Web developers should understand the principles of searchability and build them into the infrastructure and should have a set of best practices for modifying that infrastructure and troubleshooting problems. This chapter provides an overview of the technical issues involved with search acquisition. (You can find more detailed discussion at marketing intheageofgoogle.com.) You can use this chapter either to give directly to your Web developers, or if you’re interested in the technical details, it can help you better understand the technical issues so you can have productive conversations with the development team about how best to build search best practices into the development process.
In order for search best practices to be successfully implemented in Web development, the development team needs executive support.
This means the developers need to be given the training to expand their core skill set into understanding how to make Web infrastructure searchable, they need time to test searchability in addition to functionality, and they need to be provided context about why they are being asked to make changes. Web developers know how to make sites functional and might be suspicious if you ask them to make changes which don’t seem to improve functionality. But if you explain that both 301 and 302 redirects transfer the visitor from one page to another, only a 301 tells search engines to index the new page instead of the old one, you’ll get the developers on your side much more quickly.
The crawling process consists of several components. First, search engines have to learn about the pages. Then, they need to have enough time during the period they’ve allocated to the site to crawl those pages. Finally, they have to be able to technically access the pages.
The first step in crawling is discovery.
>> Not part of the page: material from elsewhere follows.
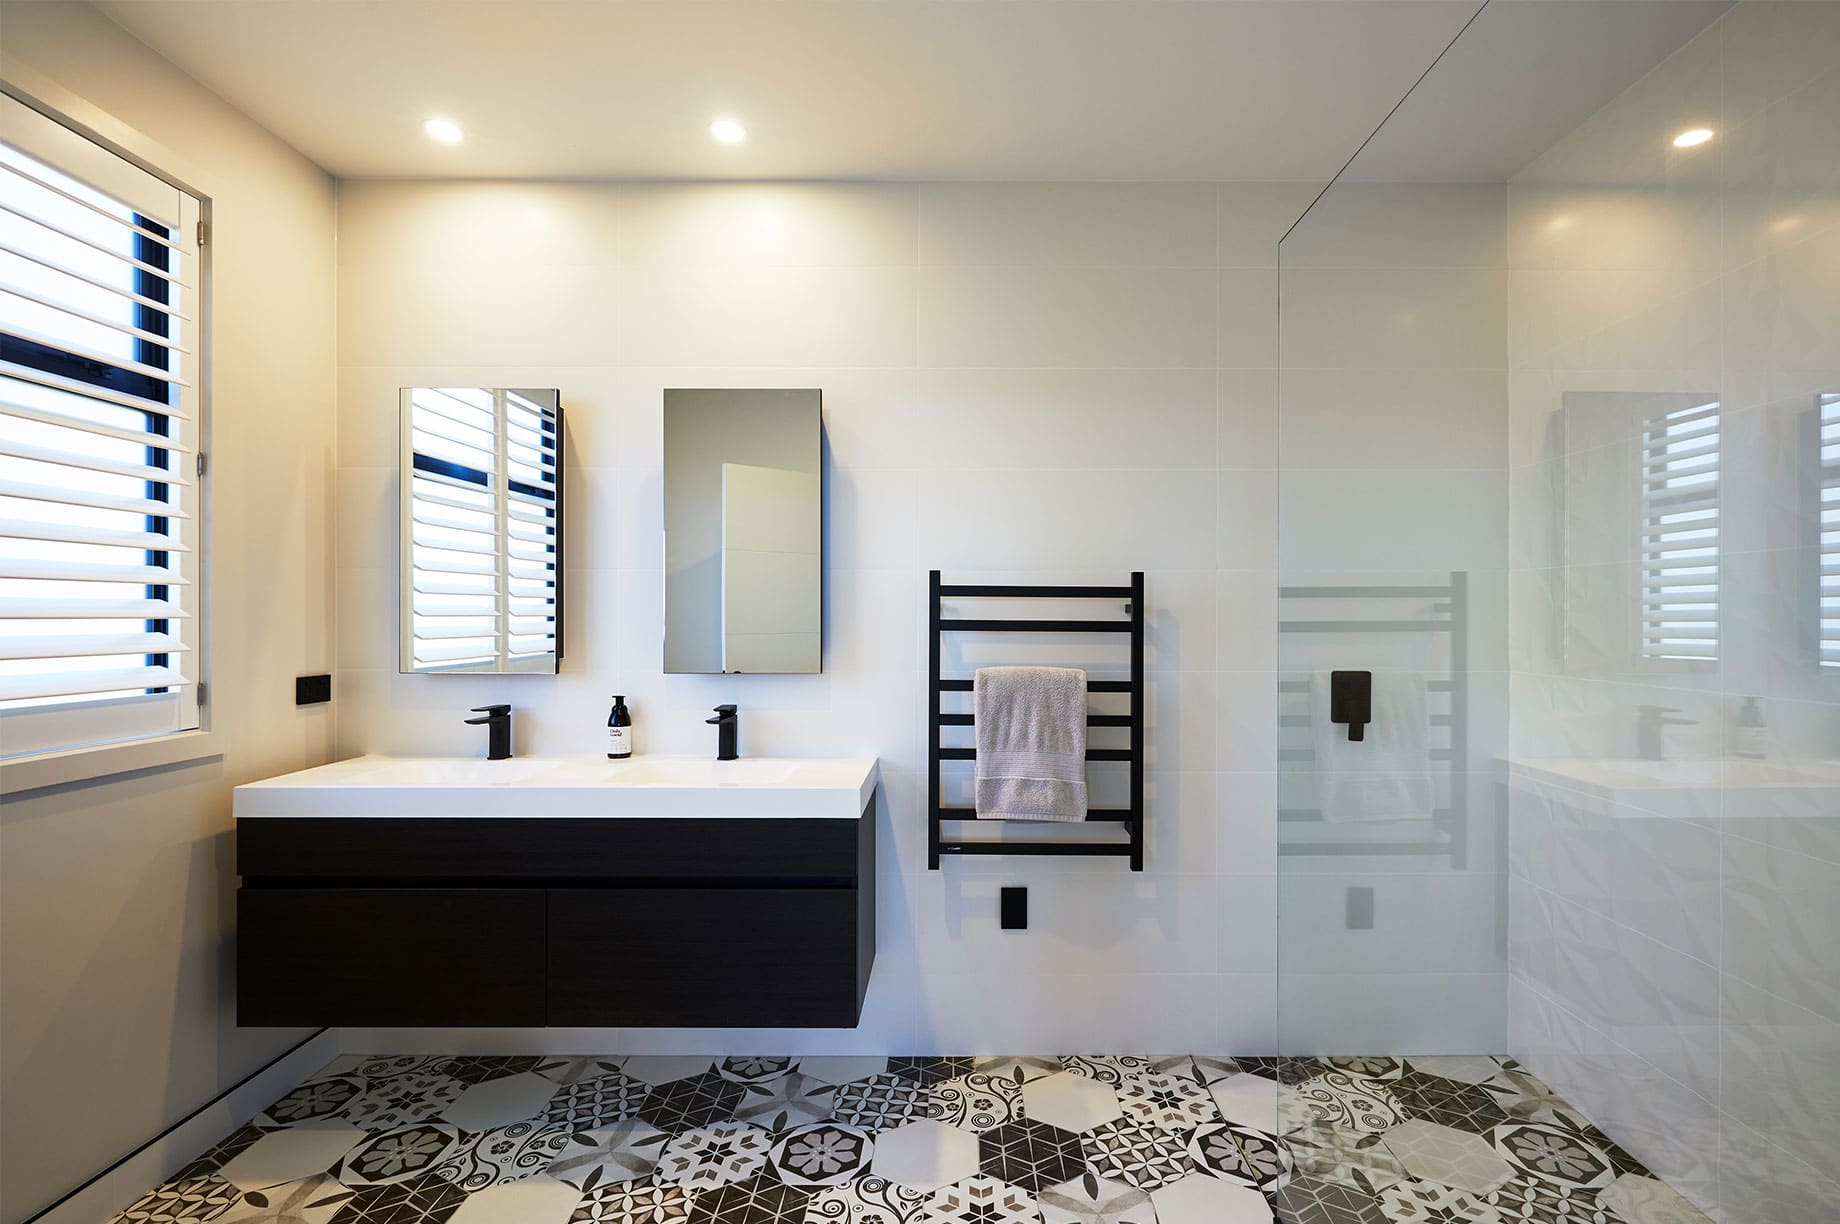 White and black bathroom interior with the lights on

How does the engine find out about pages on the Web? Generally, this happens in one of the following ways:
- By finding links to the pages from other sites on the Web.
- By finding links to the pages from within your site.
- From an XML Site Map.
What’s an XML Site Map?1 It’s a file in a particular format that contains a list of all the URLs on a site. Google, Yahoo!, and Microsoft Bing use this file to augment their discovery processes. Submitting a Site Map can help search engines know more comprehensively about your site. See sitemaps.com for more information.
Search engine bots have resources to crawl every page on the Web and they are also mindful of not over crawling a site and causing an undue burden on the server. For these reasons, search engine bots only spend a limited period crawling each site. Factors that influence a more comprehensive crawl include:
- Fast server response times. If the server is slow to respond to requests, the search engine bots may slow down their crawl to ensure they aren’t overloading the server.
- Fast page load times. The faster the pages load, the more of them search engines will likely be able to crawl during their allocated crawl period. You can monitor page load times for Google in Google Webmaster Tools. If you see a spike in page load times when you haven’t made significant changes to your site (such as added substantial multimedia content), there may be a problem with the server (see Figure 7.1).
- Unique content. If much of the content appears to be duplicate or empty (this can happen, for instance, with directory sites that have regions, categories, or entries that don’t yet have content), the search engine bot may stop crawling.
- Accessible URLs. URLs may be inaccessible to crawlers for a number of reasons, such as redirects are set up on the URLs that inadvertently create an infinite loop (so URLs redirect back and forth to each other) or that create a long redirect chain.2 You can see a report of any URLs Google’s bot couldn’t access via Google Webmaster Central.
- Crawl efficiency. If the crawler spends all its time on pages that you don’t need to have indexed (such as registration pages and contact forms), less time will be available to crawl the pages you do want indexed. You can block content you don’t want indexed using robots.txt.
- Server efficiency. You can reduce the resources the search engine bot consumes per page by enabling compression and if-modified-since on the server. Compression serves pages to the bot in a compressed format and the if-modified-since response returns a 304 (not modified) to the bot when it requests a page that hasn’t changed since the last request rather than the entire contents of the page.
- Bot speed control. You can slow down the crawl of Yahoo!’s and Microsoft’s bot by using the crawl-delay setting in robots.txt.6 If either of these bots seem to be crawling your site particularly slowly, check the robots.txt file to see if this entry exists. You can slow down Google’s crawl of the site in Google Webmaster Tools. If Google is limiting its crawl because it’s not sure if your server can handle a higher load, Google Webmaster Tools will present a ‘‘faster’’ option that you can specify as well (see Figure 7.2).
- Canonicalization. Canonicalization is the process of consolidating all duplicate URLs to one original, or ‘‘canonical,’’ version.7 If multiple URLs exist that all lead to the same page, then search engine bots may spend a considerable amount of time crawling the same page over and over via different URLs and not have time to get to unique pages. A number of methods exist for canonicalization of URLs.8 The method to use depends on the canonicalization issue. Common issues include:
- The www and non-www version of the site both resolve. Ideally one version should redirect to the other.9 For instance, when someone types in mysite.com, you can set the server to redirect to www.mysite.com. Without this redirect, an entire second copy of your site exists that search engines will try to crawl.
- The URL structure has changed so content exists on both the old pages and the new pages. In this situation, a redirect from the old pages to the new is generally the best way to go, particularly since it helps visitors to the old pages end up in the right place.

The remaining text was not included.